When young girls 'fall in love'...
by Jewel Kats and Dave Silverberg
Young People's Press


December 27, 2004

Dear Jewel,

I'm in Grade 10 and I have a crush on a co-op student from the university. He works as an office assistant in our school and I recently started noticing him. I pass him during lunch and he smiles. He actually asked me my name, but I doubt he's interested in me and only regards me as a kid. There is a huge gap in our ages, he's turning 20 and I'm still 15. I think he's just trying to be polite and I know that in his position he can't be interested in young girls, but I feel that this rejection is affecting my self-confidence. I find myself quieter in class. Can you please help me? - NEEDS CONFIDENCE BOOST

jpg David Silverburg and Jewel Kats

David Silverburg and Jewel Kats at Young People's Press answer questions from young readers concerning love, drugs, sex, parents and other teen issues, with the oversight of a psychologist.
Photo courtesy The Young People's Press

Dear N.C.B.,

You're out of your league, girl. I'm not referring to looks, style or anything superficial. I'm talking about maturity level.
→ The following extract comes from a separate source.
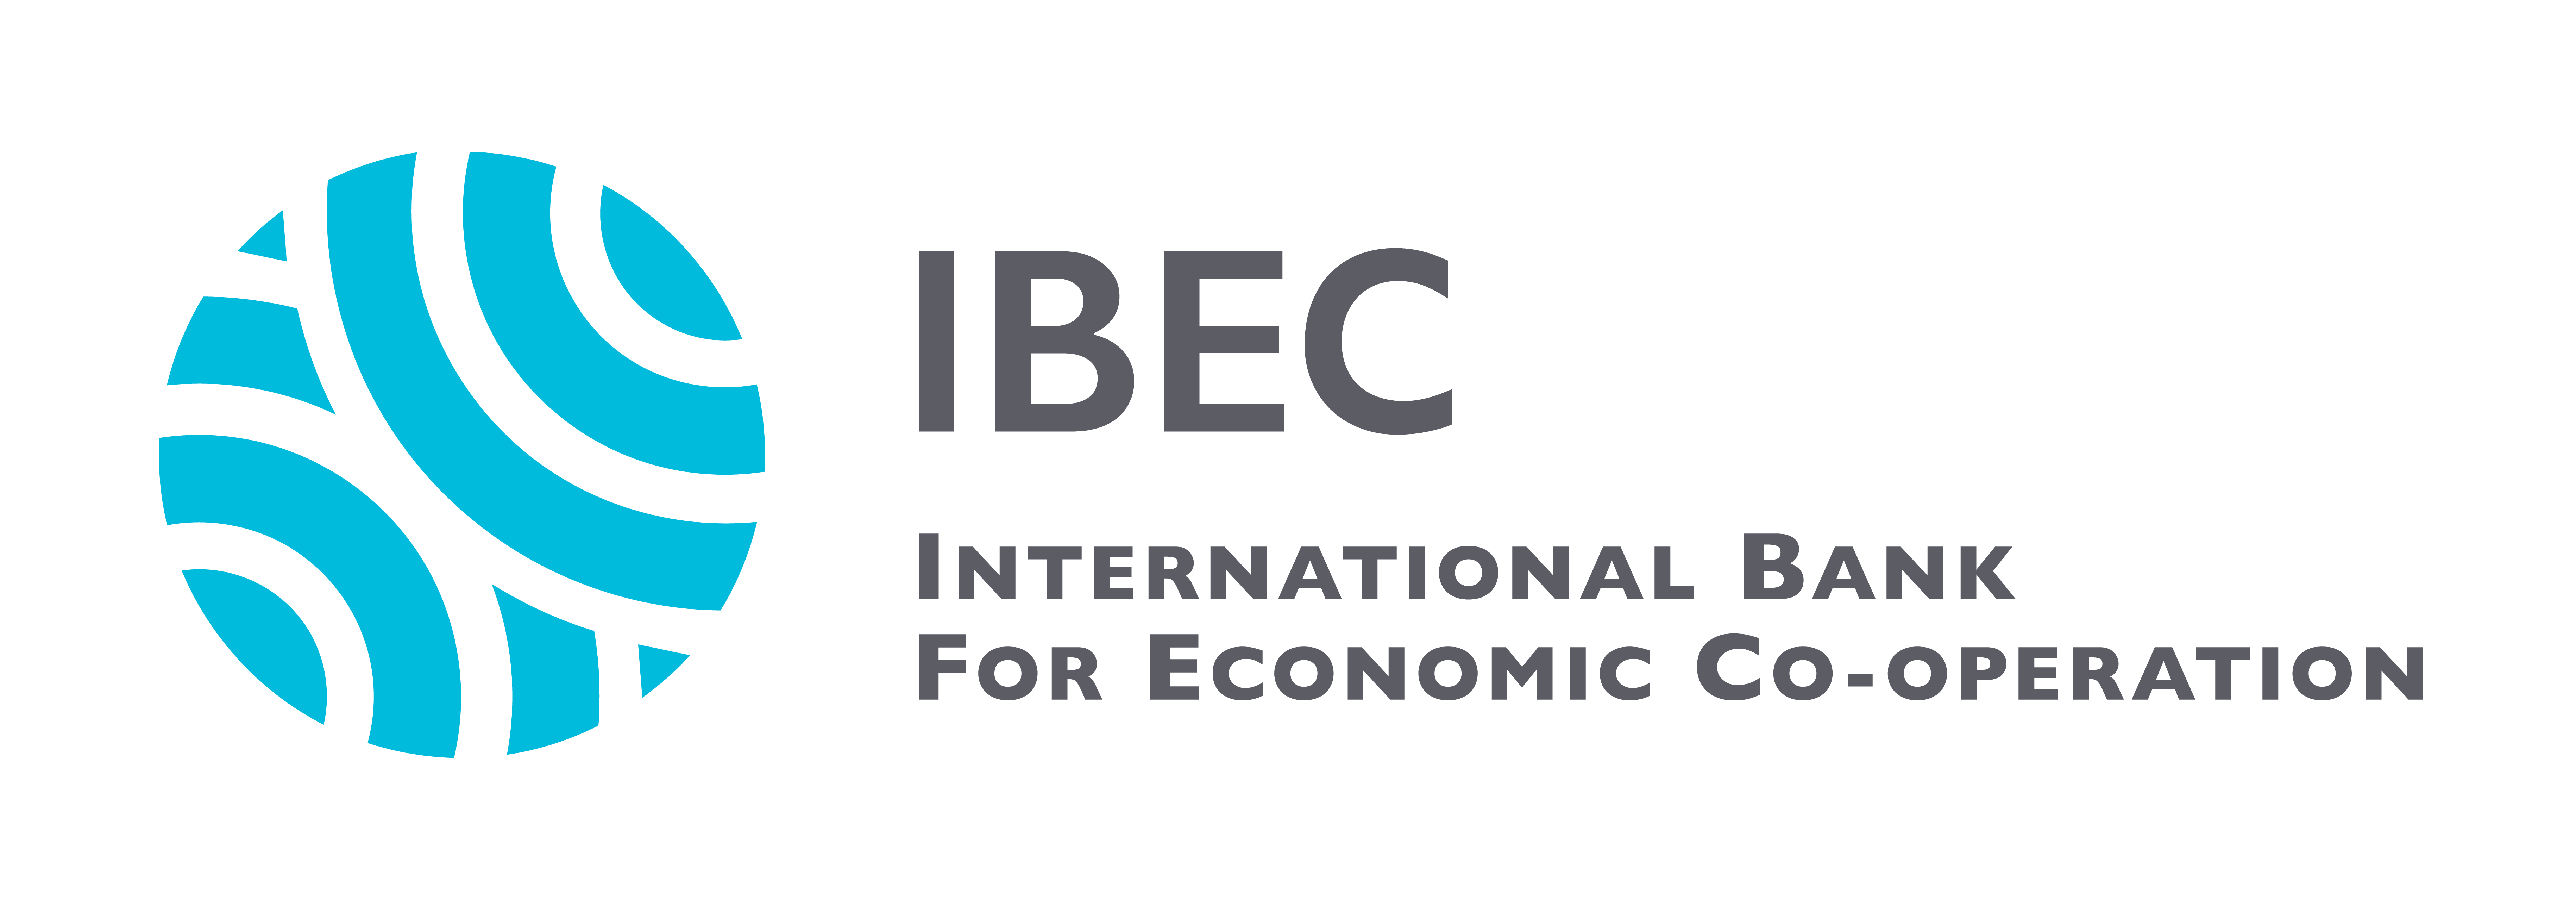 Международный экономический банк. Международный банк экономического сотрудничества Маши Порываевой. МБЭС логотип. Международный банк экономического сотрудничества логотип. IBEC банк.

Crushing on a teacher (or in this case, an office assistant) isn't unusual. Sometimes feelings of admiration can ignite an unexpected flame. But that doesn't mean you should start playing with fire.

Read: You can get burnt.

You and this guy aren't on equal footing. Whether you like it or not, he's an authority figure. And you can't change that fact.

Don't try overstepping boundaries. Chances are it'll lead to an uncomfortable situation. Not to mention you'd run into ethical problems.

I'm not implying that you should be quiet in class. Exchanging ideas in an open forum is healthy, whereas seeking validation from others is not.

External sources can never fill an internal void. Only YOU have the POWER to culminate your self-confidence. Stop turning to others for your identity. Instead, start building it yourself.

Look at yourself with an objective eye. Applaud your strengths; work on your weaknesses. List your goals; find ways to turn them into reality. Take note of what pleases you; pour yourself into like-minded activities.

Remember, the world is your oyster. You decide what part to bite into first.

Love Jewel.


Dear Dave,

My best friend got herself a boyfriend and she really likes him. They've only been going out for a week and she feels she loves him. She's only 14 and I believe she's setting her self up for a fall, but I don't know how to tell her. A part of me thinks that I should tell her, but I don't want to jeopardize our friendship. She would do anything for him, including give up her virginity and quit school. She is extremely smart and talented, so I don't want her throwing it all away for a guy. Could you please tell me how to tell her that without sounding like an overprotective mother? - TRYING TO SAVE A FRIEND

Dear T.T.S.A.F.:

As a friend, you're in a unique position: You are trusted to give advice that can help reshape opinion. You can advise your friend but be warned she may not want to hear it.

Love can cause people to wear blinders. This tunnel vision may push your suggestions to the fringe but that doesn't mean you should give up.

You'll sound like an overprotective mother if you tell her straight-up that she's throwing her life away. At 14, kids hear too much of that already. There's only one thing to do if you're truly concerned: Hint.

Very underused but usually effective, hinting will give you the opportunity to maintain a friendship but still offer suggestions of why this relationship is crippling her.

Tell her this guy sounds great but point out quitting school means missing out on parties and after-school events - speak to her social side.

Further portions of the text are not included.